Brynton Lemar (born January 23, 1995) is an American-born Jamaican professional basketball player for AEK Athens of the Greek Basket League and the BCL. After playing four years of college basketball at UC Davis, Lemarentered the 2017 NBA draft, but he was not selected in the draft's two rounds.

High school career
During high school, Lemar attended St. Augustine High School, in San Diego, California. In his last season at Body of Christ, he averaged 21 points, 8.2 rebounds and 7.0 assists per game.

College career 
After high school, Lemar played college basketball at UC Davis, from 2013 to 2017. In his senior year at UC Davis, Lemar averaged 16.1 points and 3.3 rebounds per game.

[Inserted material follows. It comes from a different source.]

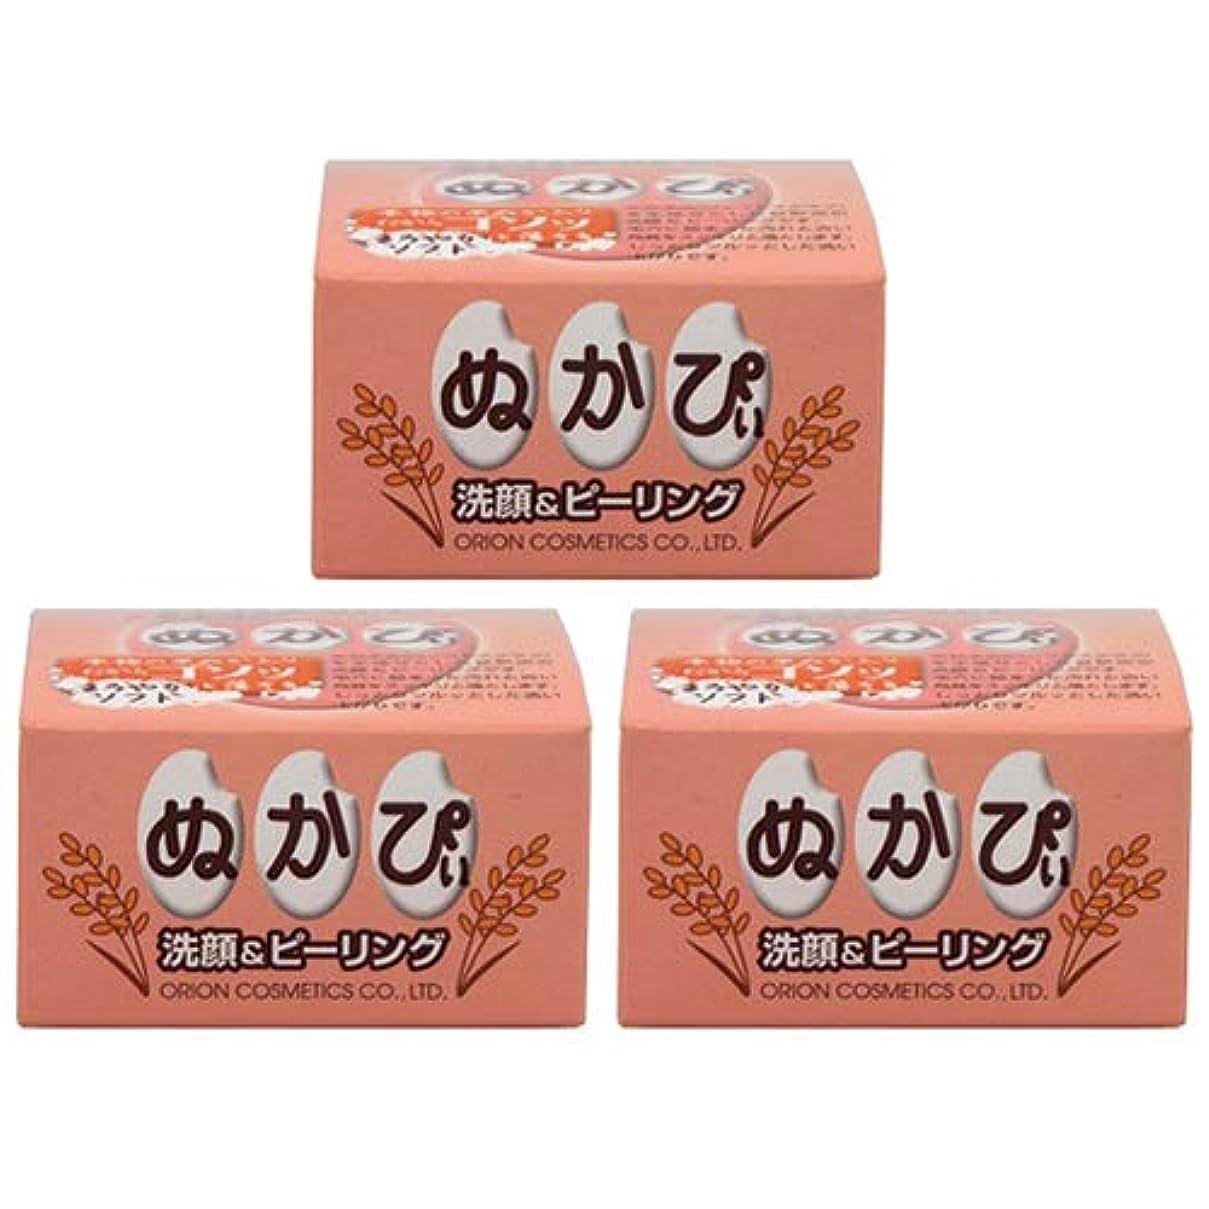 使役溶けるセットアップ米ぬか洗顔料 ぬかぴぃ (まろやかソフト) 50g×3個セット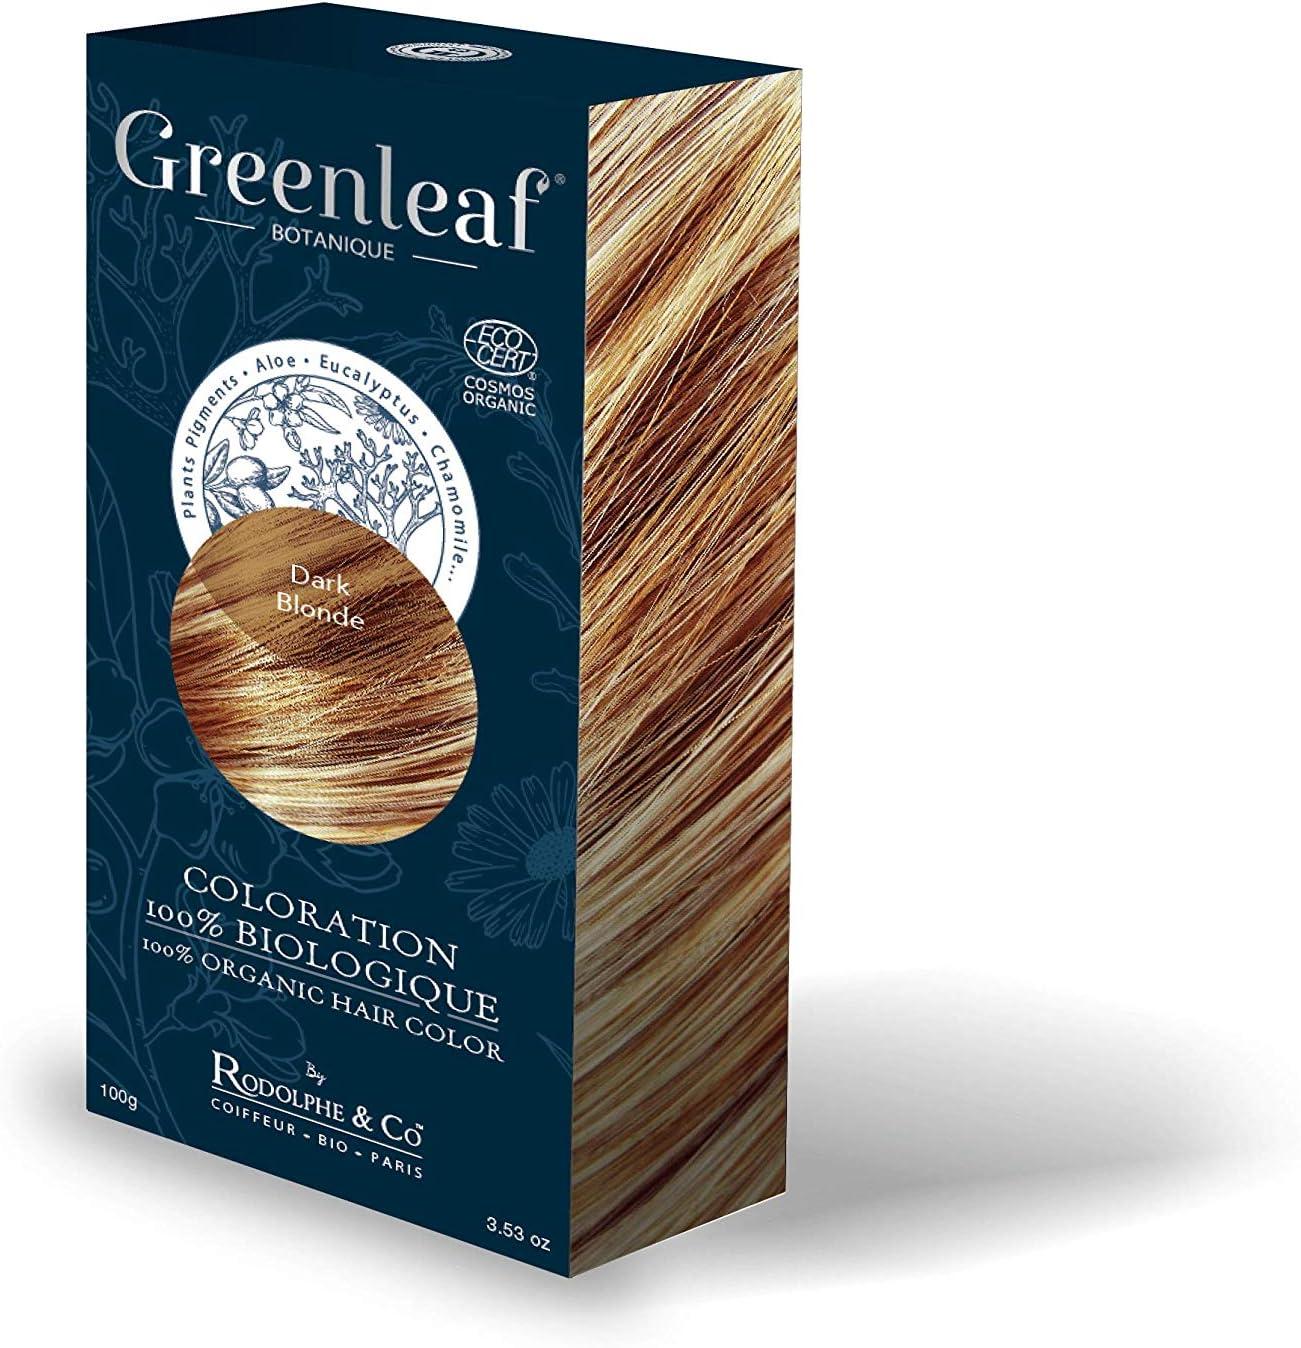 Greenleaf Tinte 100% biológico 100 g – Dark rubio

He was also mentioned to the Big West All-First Team.

Professional career
After failing to be drafted in the 2017 NBA draft, Lemar signed with SLUC Nancy of the LNB Pro B. He finished the season with Caen.

On February 14, 2021, he joined Reggiana of the LBA.

On August 2, 2021, he joined Enisey of the VTB United League. He left the team and joined Le Mans of the Pro A.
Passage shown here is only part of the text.